Другим посетителем была Люба Малинина, племянница Челнокова. Она сообщила, что выходит замуж за «Хикки», который все еще отсиживался в норвежском посольстве. Не могу ли я обеспечить ему свободу на один час завтра, чтобы они могли обвенчаться?

Я обещал сделать все, что могу, и когда поздно вечером Петерс заехал попрощаться, я попросил его полушутя, полусентиментально, зная, что он это поймет. Он засмеялся: «Никто, кроме сумасшедшего англичанина, не обратился бы с такой просьбой в такое время. Для них нет ничего невозможного. Посмотрю, что можно сделать». Он сделал, и «Хикки» с Любой обвенчались на следующий день.

Среда — день нашего отъезда — прошла в хлопотах. Петерс прислал письмо с извинениями за пропажу вещей, а в качестве компенсации в него были вложены деньги; я их вернул с благодарностью. Были длинные переговоры с Аскером о наблюдении за английскими интересами и о защите английских подданных в Москве.

В шесть часов вечера часового из моей прихожей убрали, а в 9 часов 30 минут приехал на своем автомобиле Аскер, чтобы отвезти меня на вокзал. Там я встретил своих французских и английских коллег; большинство из них были привезены на вокзал из тюрьмы прямо к поезду. Поезд стоял на боковой платформе за станцией.
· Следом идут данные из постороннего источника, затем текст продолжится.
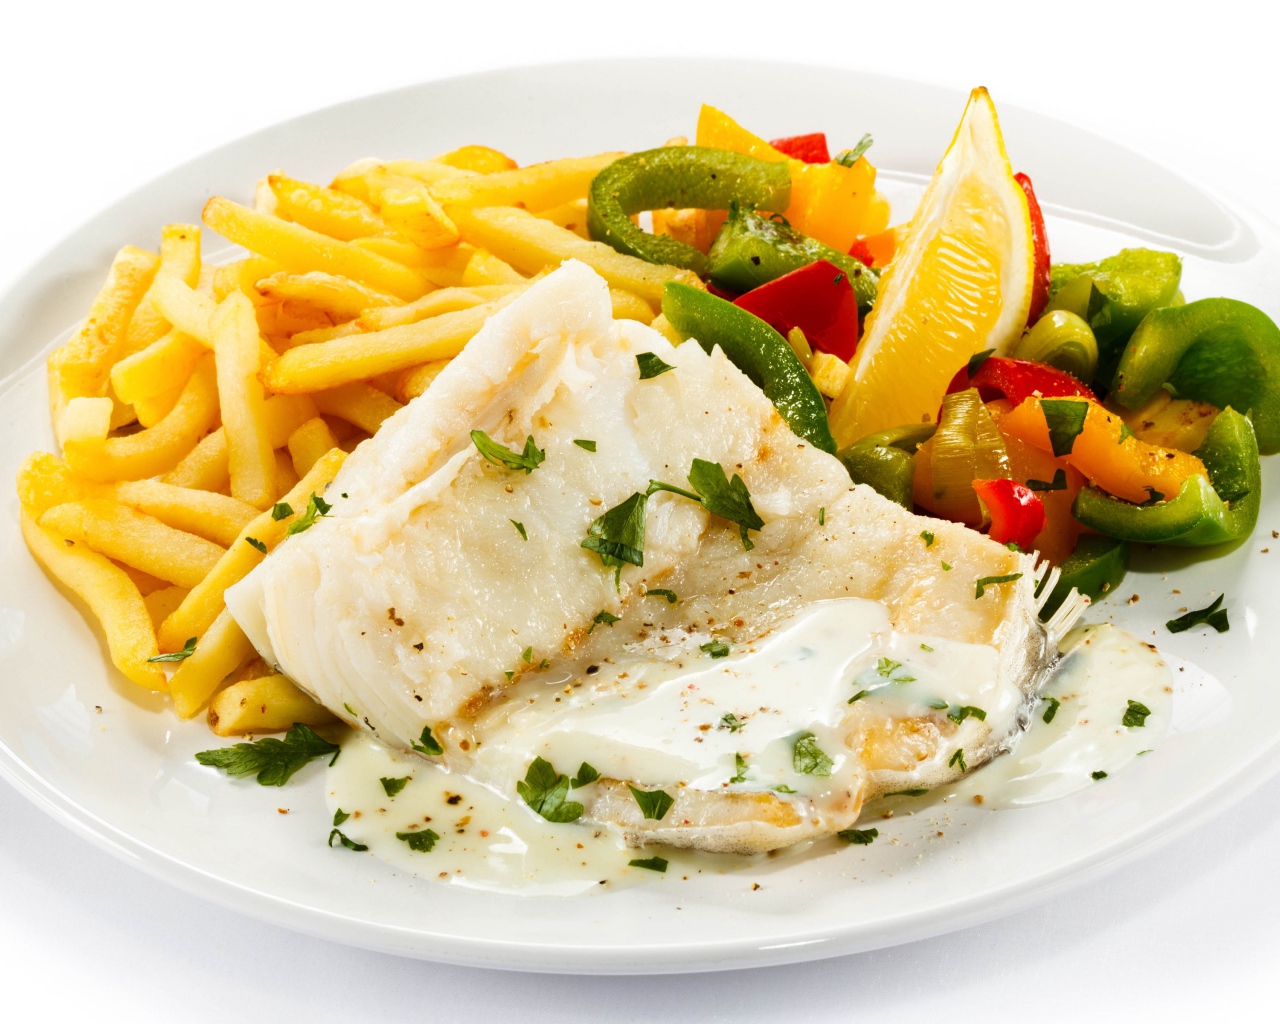 Филе рыбы на тарелке с картофелем и салатом на белом фоне

Когда я шел вдоль линии, я думал, не будут ли ругать меня товарищи за все то, что они перенесли. Все были как-то молчаливы и покорны. Поезд охраняла рота латышских солдат, они должны были сопровождать нас до границы. Их присутствие создало подавленное настроение. Я думаю, все мы чувствовали, что не сможем вздохнуть спокойно, пока не выедем из России. Было несколько друзей, пришедших нас проводить: Мура, Уордвелл и несколько русских родственников новой миссис Хикс. В нашем прощании не было ничего драматического или натянутого. Наш отъезд затянулся на несколько часов из-за обычных русских препятствий. Холодной звездной ночью мы с Мурой болтали о пустяках. Мы говорили о чем угодно, только не о себе. А затем я отправил ее домой с Уордвеллом. Я смотрел ей вслед, пока она не исчезла в темноте. Тогда я вернулся в тускло освещенный вагон, чтобы остаться одному со своими мыслями. Было почти два часа утра, когда наш поезд, после бесконечного пыхтения и ложных попыток сдвинуться, медленно отошел от станции. Однако до конца было еще не близко.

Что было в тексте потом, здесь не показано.